The spectrum of blocked signal molecules determines the tumor response, and presumably also the substance-specific adverse effects (6). Thus, class-specific adverse effects have been described for these therapies. These also differ for the different substances, depending on the degree of inhibition of the different signal molecules. The most frequent adverse drug reactions with sunitinib and sorafenib are arterial hypertension, fatigue, skin changes, and gastrointestinal toxicity (4, 5). In particular, the rarer adverse drug reactions cannot be adequately recorded in licensing studies and must be critically observed in normal clinical practice. One such clinically relevant adverse drug reaction is hypothyroidism, which only becomes evident during routine use of these drugs and was not adequately recorded during the licensing study. The spontaneous recording system for drug adverse effects has been legally established in Germany since 1978 and includes adverse reactions which only occur in the course of clinical use, outside studies. This is a legal obligation for practicing doctors and makes a major contribution to drug safety within Germany.

As part of an expanded licensing program, the therapeutic safety of the TKIs was studied in ca. 7500 additional patients. Data from 3997 of a total of 5000 enrolled patients are available for evaluation of sunitinib. For sorafenib, data from all 2502 patients can be evaluated. Patients with advanced RCC could be included in these studies, including patients with CNS metastases and in poor general condition, who were excluded from prior studies.

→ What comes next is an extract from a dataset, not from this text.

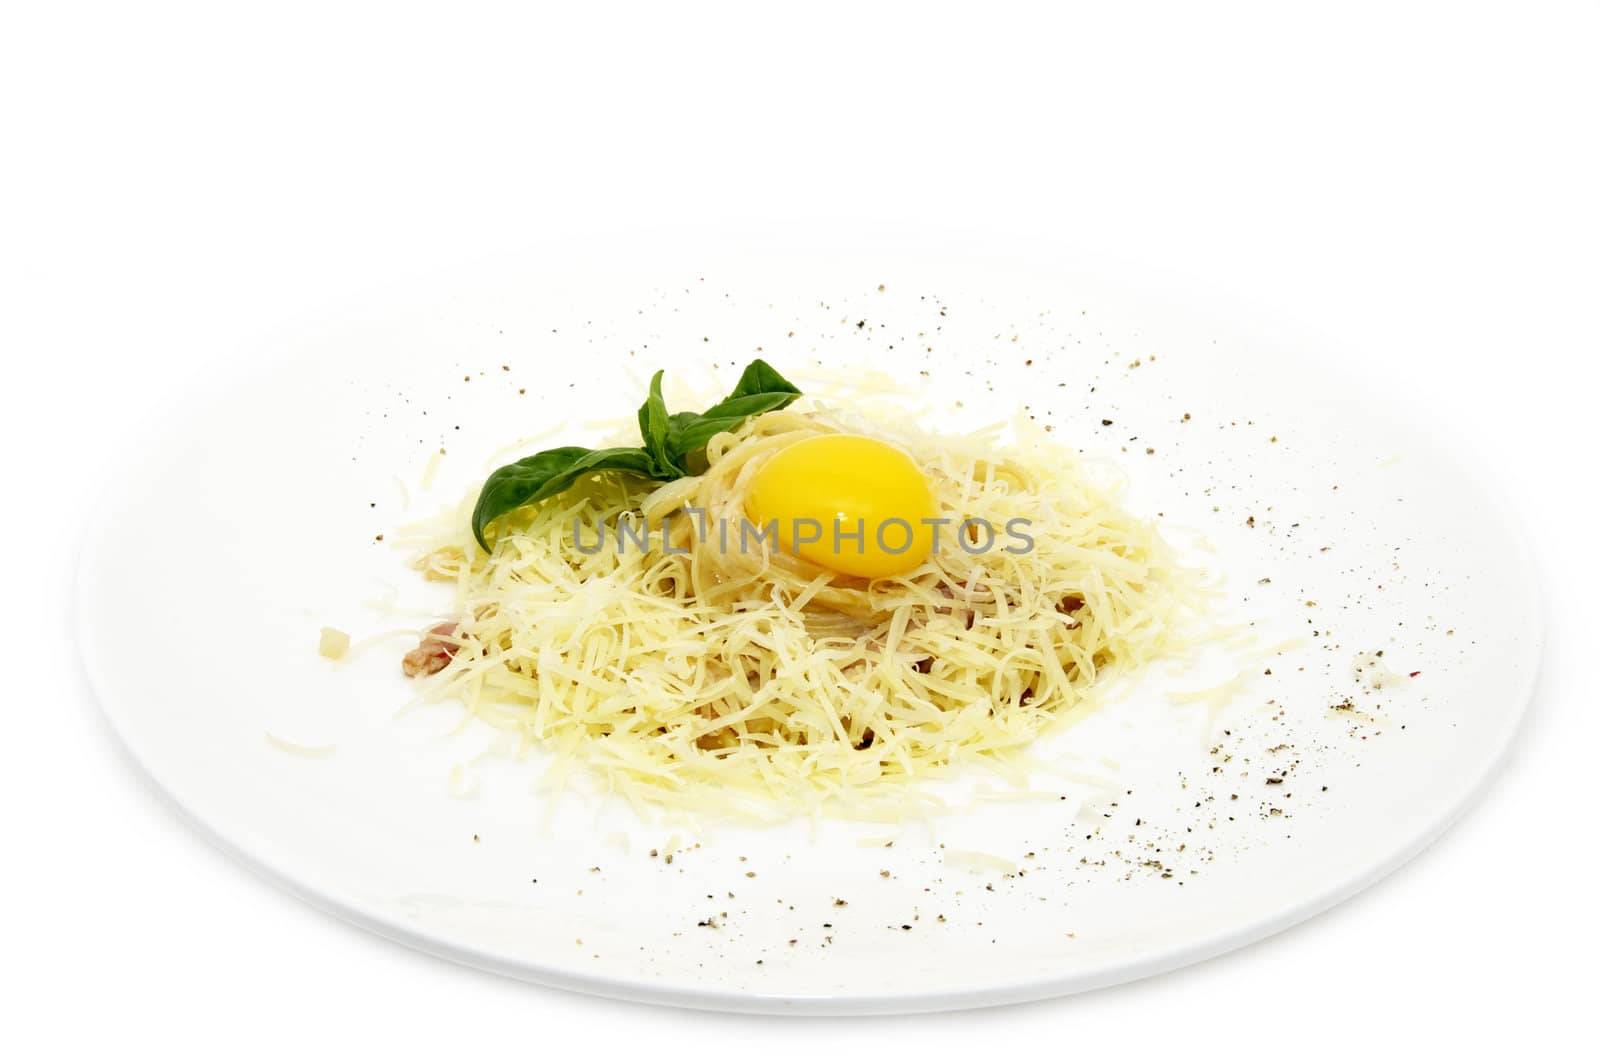 spaghetti with egg on a plate on a white background

As both toxicity and efficacy were systematically recorded, the licensing study could be controlled on a much larger and less selected group of patients (7, 8). Both substances were administered orally, so that patients could be treated near their homes, without being constantly bound to a specialized center. Routine follow-up by the responsible specialists was normally performed every four to eight weeks. However, adverse drug reactions, such as arterial hypertension, often develop between the follow-up visits. Collaboration with the general practitioner is therefore absolutely essential, e.g., for optimal blood pressure control.

In this article, the authors indicate the typical adverse drug reactions from treatment of RCC with tyrosine kinase inhibitors, together with their characteristics and the possibilities for supportive treatment. These are of relevance for all doctors involved in treatment (e6). The literature search was based on data from the electronic database Medline and the bibliographic index of the annual meeting of the American Society of Clinical Oncology.

Adverse drug reactions
Severe adverse drug reactions which were grade 4 according to the "common toxicity criteria" (CTC) (table 1 gif ppt) occurred in fewer than 10% of patients being treated with sorafenib or sunitinib. Nevertheless, dose adjustment, a treatment-free interval or treatment discontinuation were necessary in a significant proportion of patients (table 2 gif ppt) (4, 5). Tables 2 and 3 provide an overview of the spectrum of adverse effects, together with possibilities for supportive treatment. There are no data from controlled studies on supportive treatment, so that the authors' recommendation on monitoring and treatment are based on the opinion of experts.

Gastrointestinal toxicity
Diarrhea is one of the most frequent drug reactions with sorafenib and sunitinib, although this only reached CTC grade 3 or grade 4 in 2% of patients with sorafenib and in 5% of patients with sunitinib. With this degree of severity, therapy must be discontinued until the initial findings are re-established, or the symptoms subside to grade 1. The dose should be reduced in subsequent cycles (table 4 gif ppt) (4, 5).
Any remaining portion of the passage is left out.